The distinction between sophists and orators is not always obvious, as most
sophists asked their pupils huge amounts of money to teach them how to successfully
speak in the assembly and defend themselves in courts. The authors here considered
are some of those whose political and court speeches have come down to us. Though
some of those speeches were written for the writer's own defense in court, many
of them were written in order to be delivered in court by somebody else who
would pay for the speech. Indeed, in Athens at that time, the defendant in a
trial, as well as the accuser, had to make his own case in person in front of
the court, but he was allowed to request the services of what was called a "logographer"
(etymologically, a "speech writer") to write the speech he would deliver.
Lysias, one of the sons of Cephalus, a Syracusan arm dealer who had settled
in Piraeus at the request of Pericles, was
active in the democratic movement, and barely escaped the death penalty that
killed his brother Polemarchus during the reign of the Thirty Tyrants, saving
his life only by running away from Athens, as he himself tells us in his speech
Against Eratosthenes (#12).

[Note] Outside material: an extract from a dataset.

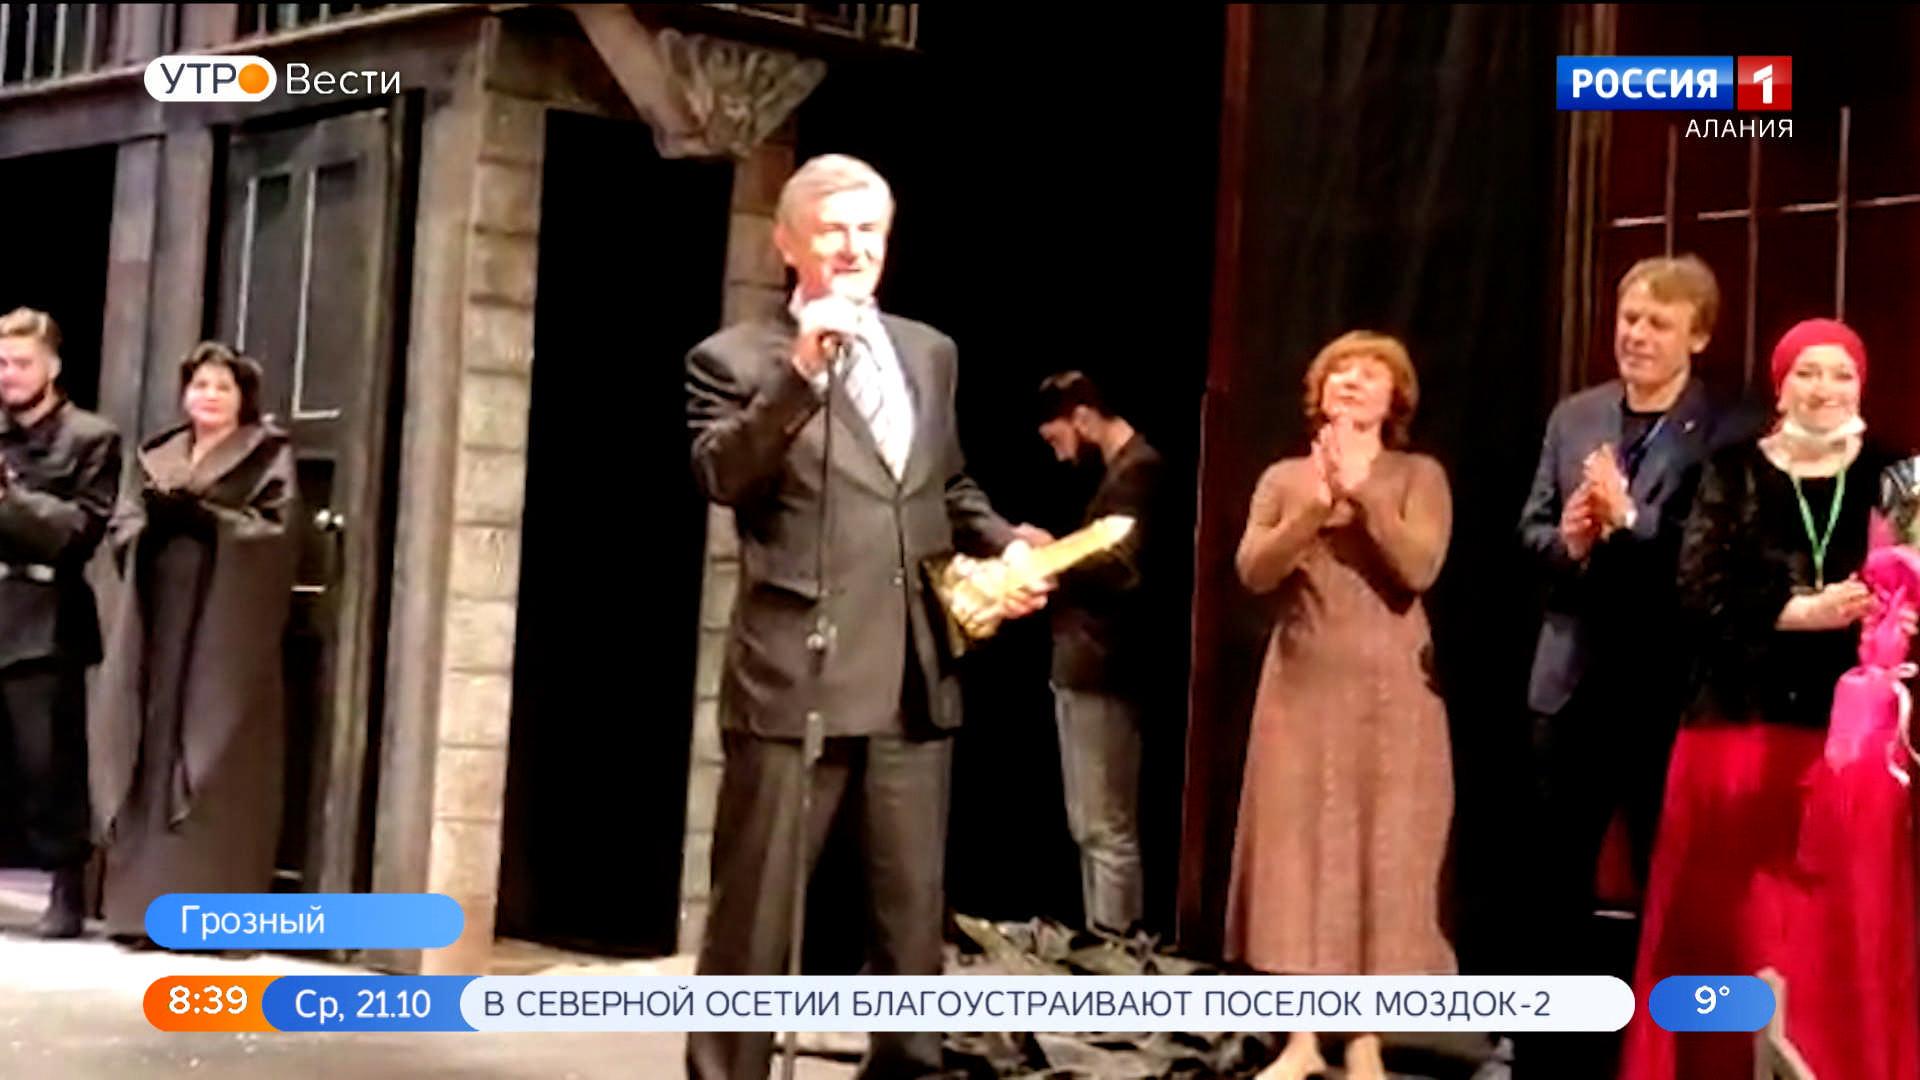 СОГАТ — дипломант второго Всероссийского фестиваля национальных театров «Федерация»

Plato stages him as a mute spectator in the
Republic, which takes place in his father Cephalus' home with the active
participation of his brother Polemarchus, and mimics him in the Phaedrus,
which begins with Phaedrus reading a speech suppoded to have been written by
him. The speeches that have come down to us as his range from a Funeral Oration
(#2, interesting to compare with Plato's Menexenus, which is a parody
of such speeches) to speeches for trials dealing with problems of everyday's
life, which afford us a lively glimpse of daily life in Athens in the time of
Socrates and Plato. For instance, the speech On the murder of Eratosthenes
(#1) is a speech in defense of a husband who killed his wife's lover caught
in the act of adultery, and it is worth all the novels written since then on
such a topic, showing that, in matters of love, things have not much changed
since those remote times.
Isocrates, who is mentioned at the end of the Phaedrus, is almost contemporary
of Plato, and headed in Athens a school competing with Plato's Academy, and
whose teachings was centered more on rhetorics. Some of his speeches show that
he more or less equated the kind of "philosophy" taught by Plato (whom
he never mentions by name) and sophistry. Toward the end of his life, he wrote
speeches that were sort of "open letters" in which he would take side
on the main political issues of the time, especially regarding the stance he
thought Athens should take in the face of the rising power of Philip
of Macedonia, a matter of concern for the Greeks by then.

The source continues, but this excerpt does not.